Hi, I’m Poz, and I still use TA…along with FA…along with large doses of cynicism and I’m not yet in recovery for this…

Twenty one. Over forty percent of the top performing companies in the IBD scheme …

Does “top performing” translate into top “real income” accounting for shares transferred to insiders from Treasury Stock (Balance Sheet) and subtracted from earnings reported on the Income Statement?

Wake me up when the numbers get to 80%…

Poz

3 Likes

Does “top performing” translate into top “real income” accounting for shares transferred to insiders from Treasury Stock (Balance Sheet) and subtracted from earnings reported on the Income Statement?

Wake me up when the numbers get to 80%…

Poz

Or, alternatively, do you own due diligence? Geez. Someone gives you a list of possibilities, which costs you zero, and you p1ss on them?

3 Likes

Or, alternatively, do you own due diligence? Geez. Someone gives you a list of possibilities, which costs you zero, and you p1ss on them?

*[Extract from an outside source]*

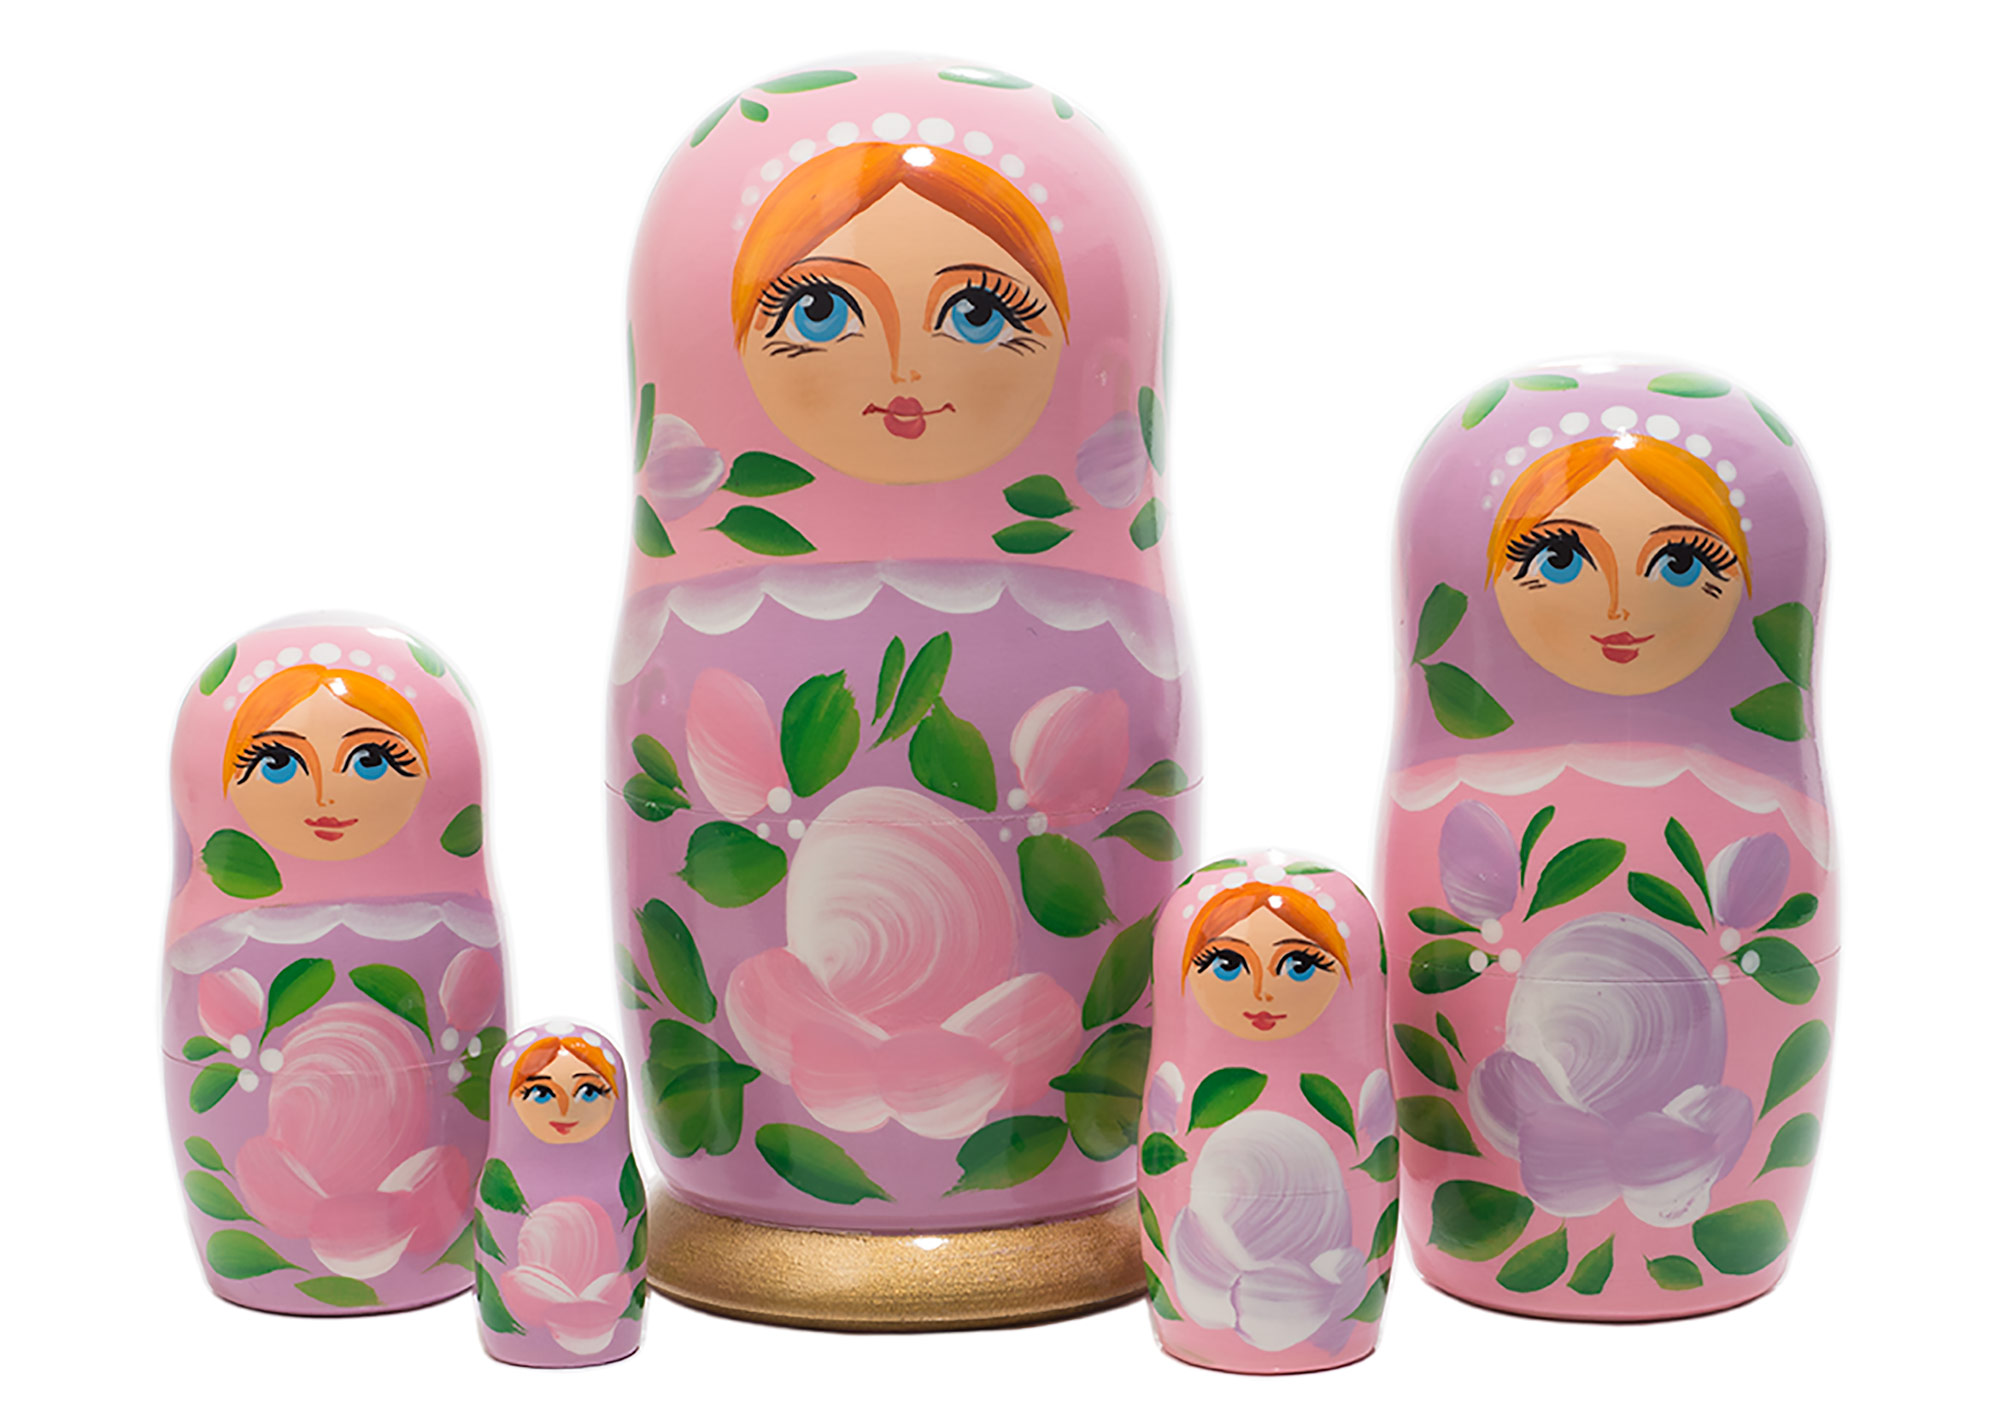 Buy Pink Classical Nesting Doll 5pc./6" - Russian Doll Inside A Doll at GoldenCockerel.com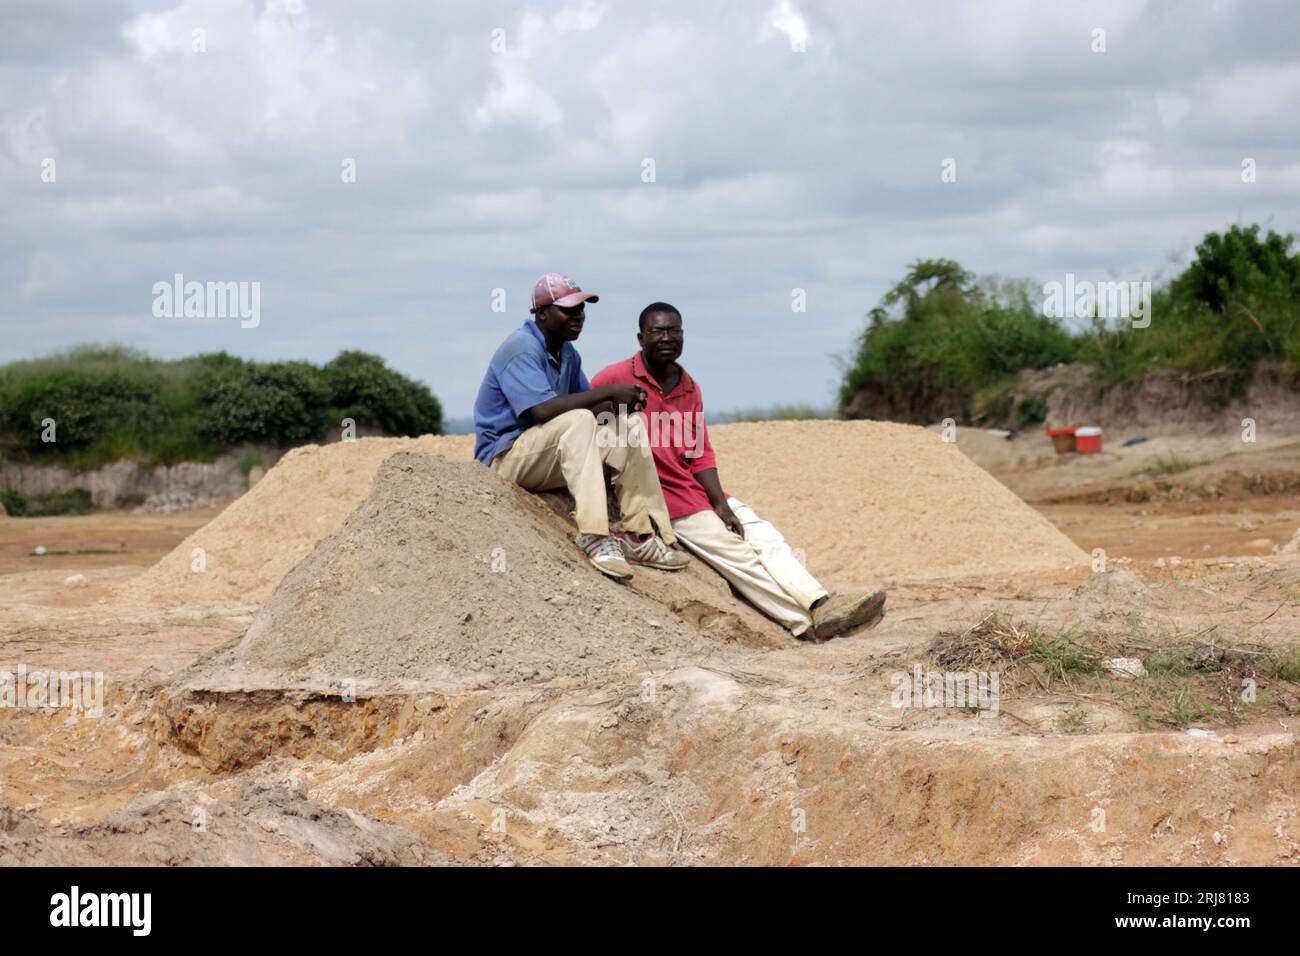 Two men are sitting on top of a mound of sand as they rest from digging for sand. Sand mining is illegal in most parts of the country. Harare, Zimbabwe. Stock Photo

Somebody on an anonymous message board didn’t give me any possibilities that I consider worth any more than I paid for them. A list of stock symbols can be generated by anybody for any reason. I gave them none in return.

They cavalierly dismissed something (TA) and in a manner I found offensive so I returned the “flavor” in kind.

You don’t like it, well neither did I. If you call that urinating, well your as entitled to your opinion as I am mine and we are both entitled to share it.

Or did I miss the secret handshake or something?

I’ve done my own research, lived quite well off of it. I lived even better off of it when I combined it with TA. No it wasn’t CANSLIM, but I read it’s methodology a number of years ago, understood it, and saw that it wasn’t for me. That does not translate into all TA being useless by any stretch. I have no use for IBD, nor do I find any value in their lists. But I don’t just get cute and dismiss them for a prank or whatever. William O’Neil has made a lot of money both from his thinking about the markets and his paper. That is no mean feat.

BTW. TA and FA both strongly suggest that the malinvestment done due to zero to negative interest rates over the last 6+ years is not wiped away in a week or so. So, yes, I think the list will double, hence the comment wake me up when its 80% and everybody knows stocks only go down.

Could I be wrong about that? Sure. Could I be right? Sure. I’ve placed my money where my thinking is and have had a very nice day and week because of it. So what? None of us is scheduled (unless I missed the memo) for infallibility either in style or content or results.

If somebody needs protecting from the responses to their posts, well, that’s pretty sorry.

Poz

4 Likes

I don’t think there is a secret handshake, common courtesy is not a secret, that is why we call it common, it can be shared with all. Sort of like common denominator, common law, from the same latin root as community, communitatem.